1. **Keep environment processors simple**: They should only handle environment-specific data format issues, not complex learning-related transformations.

2. **Use policy processors for model requirements**: Normalization, batching, device placement, and tokenization belong in policy processors.

3. **Expose all data from environments**: Let processors decide what to use rather than hardcoding choices in the environment.

4. **Document conventions**: Clearly document any coordinate system conventions, camera orientations, or data formats that your processor handles.
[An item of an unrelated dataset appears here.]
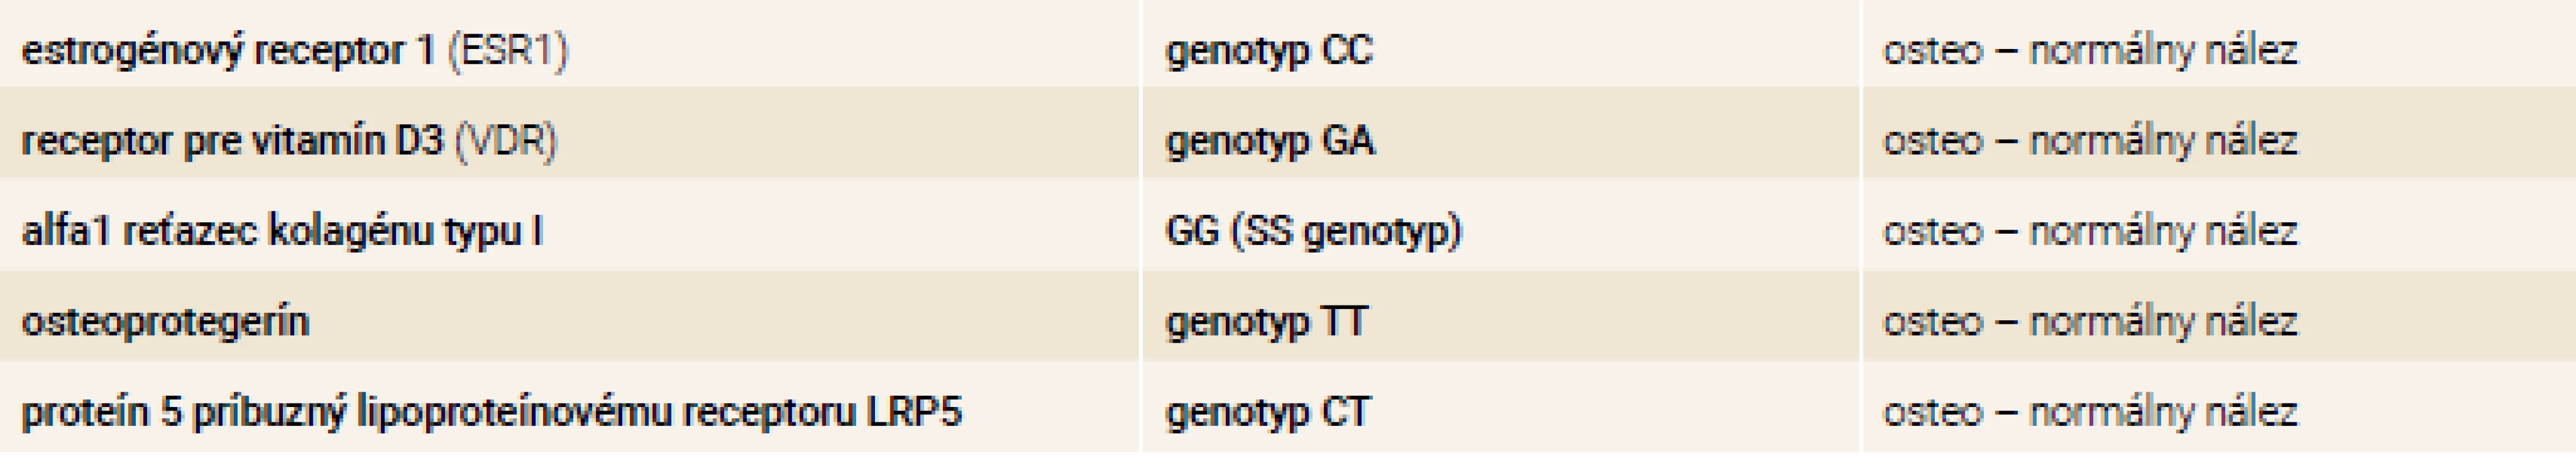 Výsledky osteogenetického vyšetrenia pomocou PCR – genotypy 7/2017
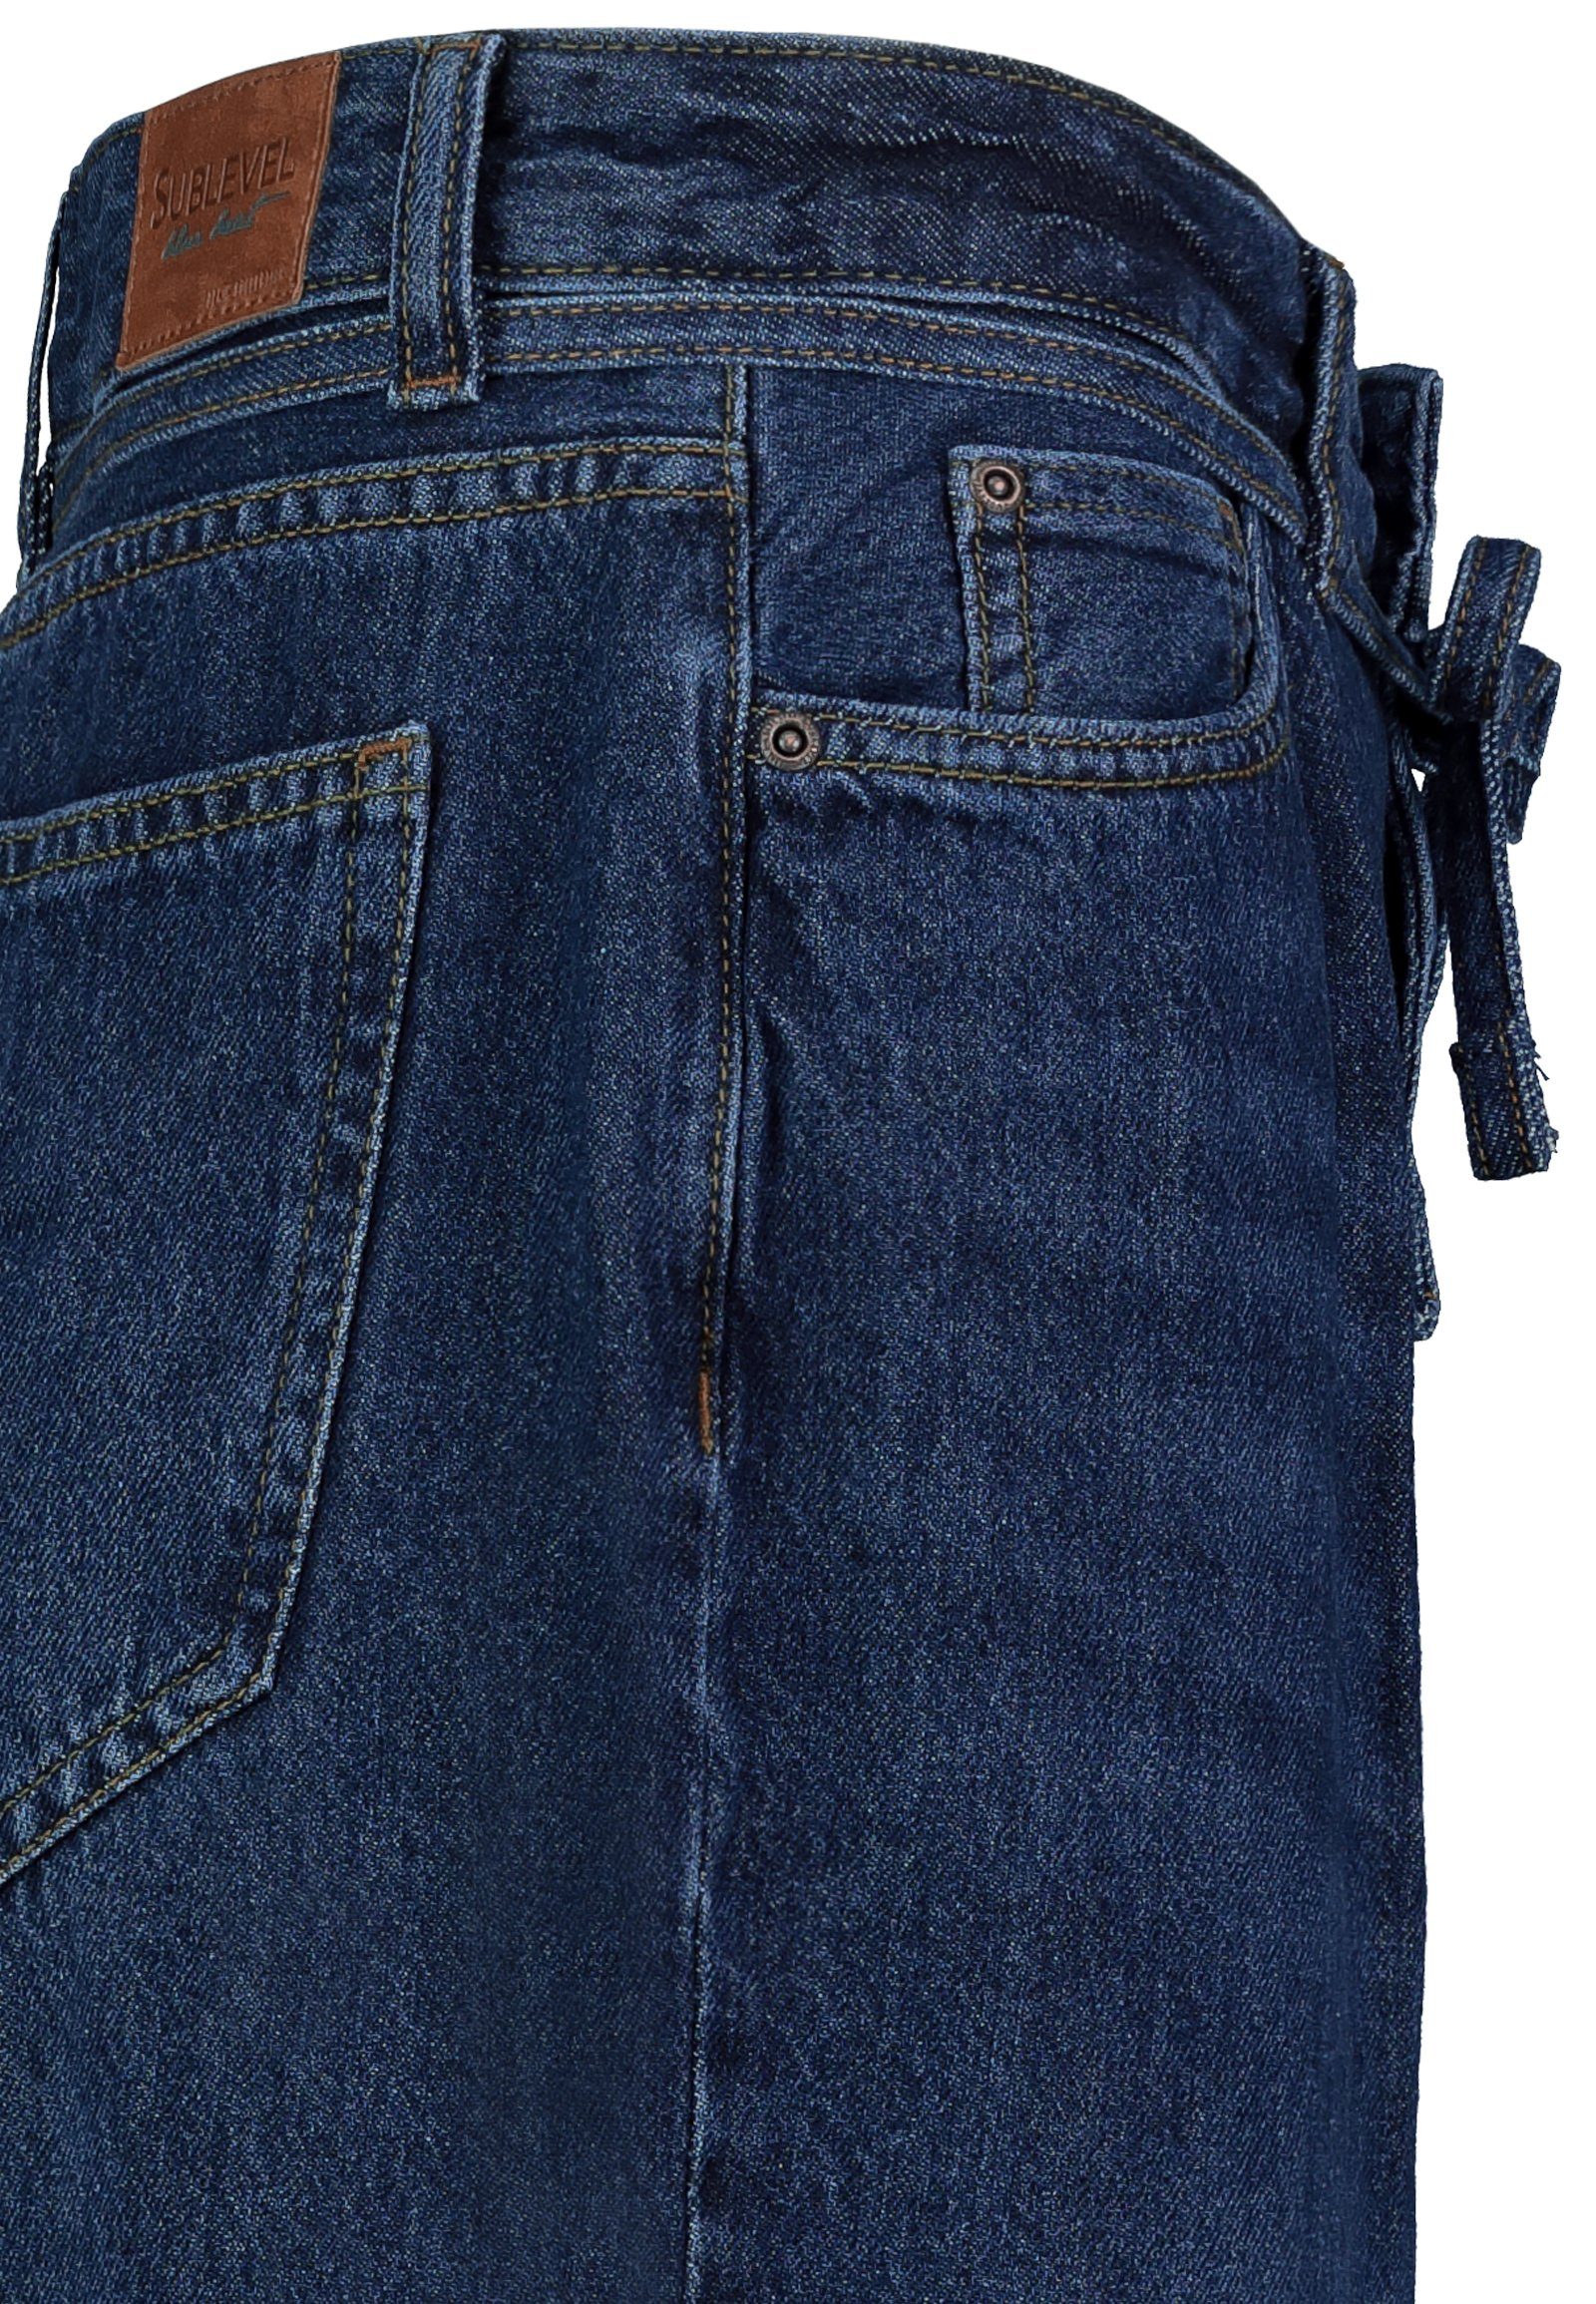 SUBLEVEL Loose-fit-Jeans Jeans Barrel-Fit dark-blue

5. **Test independently**: Environment processors should be testable without loading full policies or environments.

## Summary

Environment processors provide a **clean separation** between environment-specific data transformations and policy-specific model requirements. This architecture:

- ✅ Enables easy experimentation with different state representations
- ✅ Allows policies to work seamlessly across different environments
- ✅ Keeps environment code focused on simulation/hardware interface
- ✅ Makes processor pipelines more maintainable and debuggable
- ✅ Follows the single responsibility principle

The key insight: **Environments define data formats, processors standardize them, policies consume standardized data.** Each layer has a clear, focused responsibility.